I have been invited to write an article for Elsevier's Serials Review and mentioned it in an earlier post (Open Data: Datument submitted to Elsevier’s Serials Review). I had hoped to post the manuscript immediately afterward but (a) our DSpace crashed and (b) Nature Precedings doesn't accept HTML So DSpace is up again and you can see the article. This post is about the content, not the technology
[NOTE: The document was created as a full hyperlinked datument, but DSpace cannot handle hyperlinks and it numbers each of the components as a completely separate object with an unpredictable address. So none of the images show up - it's probably not a complete disaster - and you lose any force of the datument concept (available here as zip) which contains an interactive molecule (Jmol) ]
Open Data (OD) is an emerging term in the process of defining how scientific data may be published and re-used without price or permission barriers. Scientists generally see published data as belonging to the scientific community, but many publishers claim copyright over data and will not allow its re-use without permission. This is a major impediment to the progress of scholarship in the digital age. This article reviews the need for Open Data, shows examples of why Open Data are valuable and summarises some early initiatives in formalising the right of access to and re-use of scientific data.
PMR: The article tries not to be too polemic and to review objectively the area of Open Data (in scientific scholarship), in the style that I have done for Wikipedia.
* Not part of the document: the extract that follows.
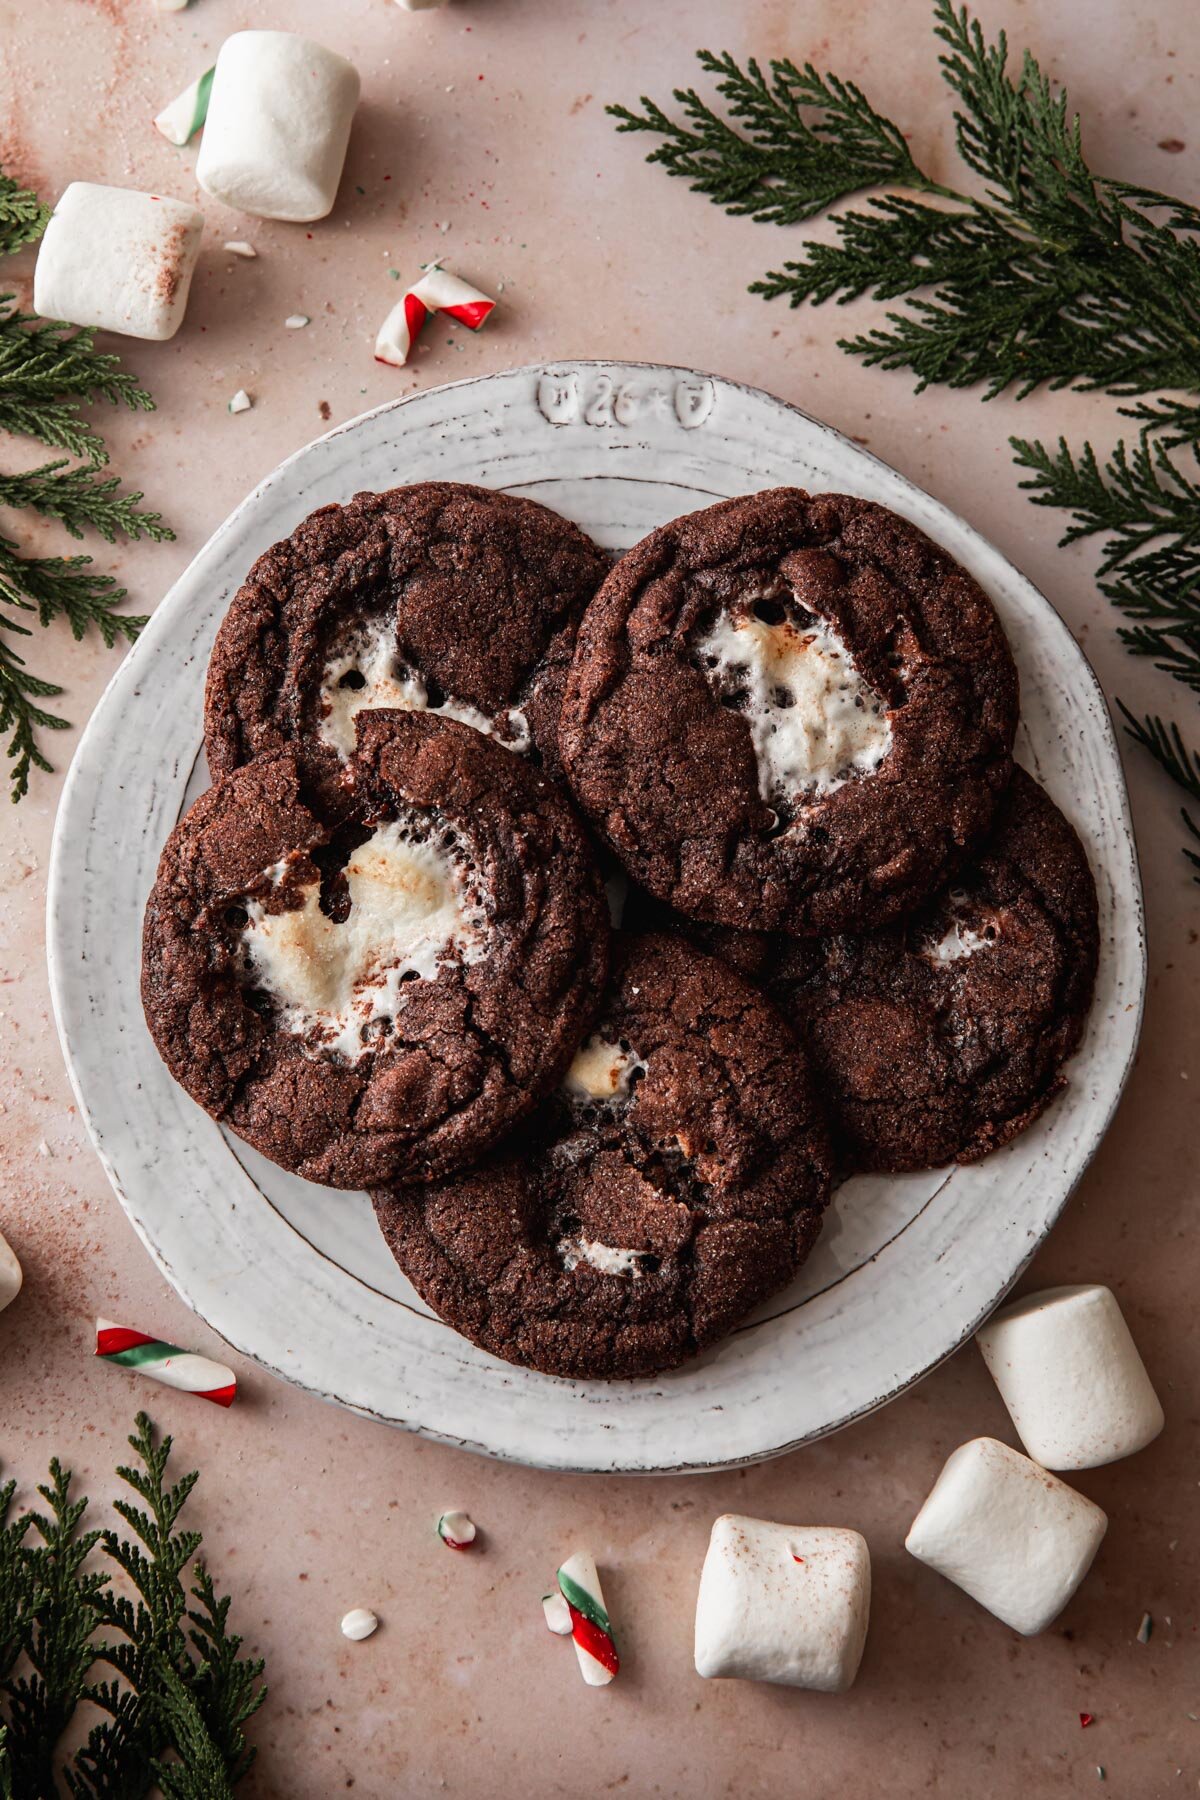 Marshmallow stuffed chocolate cookies

The next section shows Open Data in action, both on individual articles and when aggregating large numbers (> 100,000) articles. Although the illustrations are from chemistry and crystallography the message should transcend the details. Finally I try to review the various intitiatives that have happened very recently and I would welcome comments and corrections. I think I understand the issues raised in the last month but they will take time to sink in.
So, for example, the last section I describe and pay tribute to the Open Knowledge Foundation, Talis and colleagues, and Science/Creative Commons. I will blog this later but there is a now a formal apparatus for managing Open Data (unlike Open Access where the lack of this causes serious problems for science data). In summary, se now have:
- Community Norms("this is how the community expects A and B and C to behave - the norms have no legal force but if you don't work with them you might be ostracized, get no grants, etc.")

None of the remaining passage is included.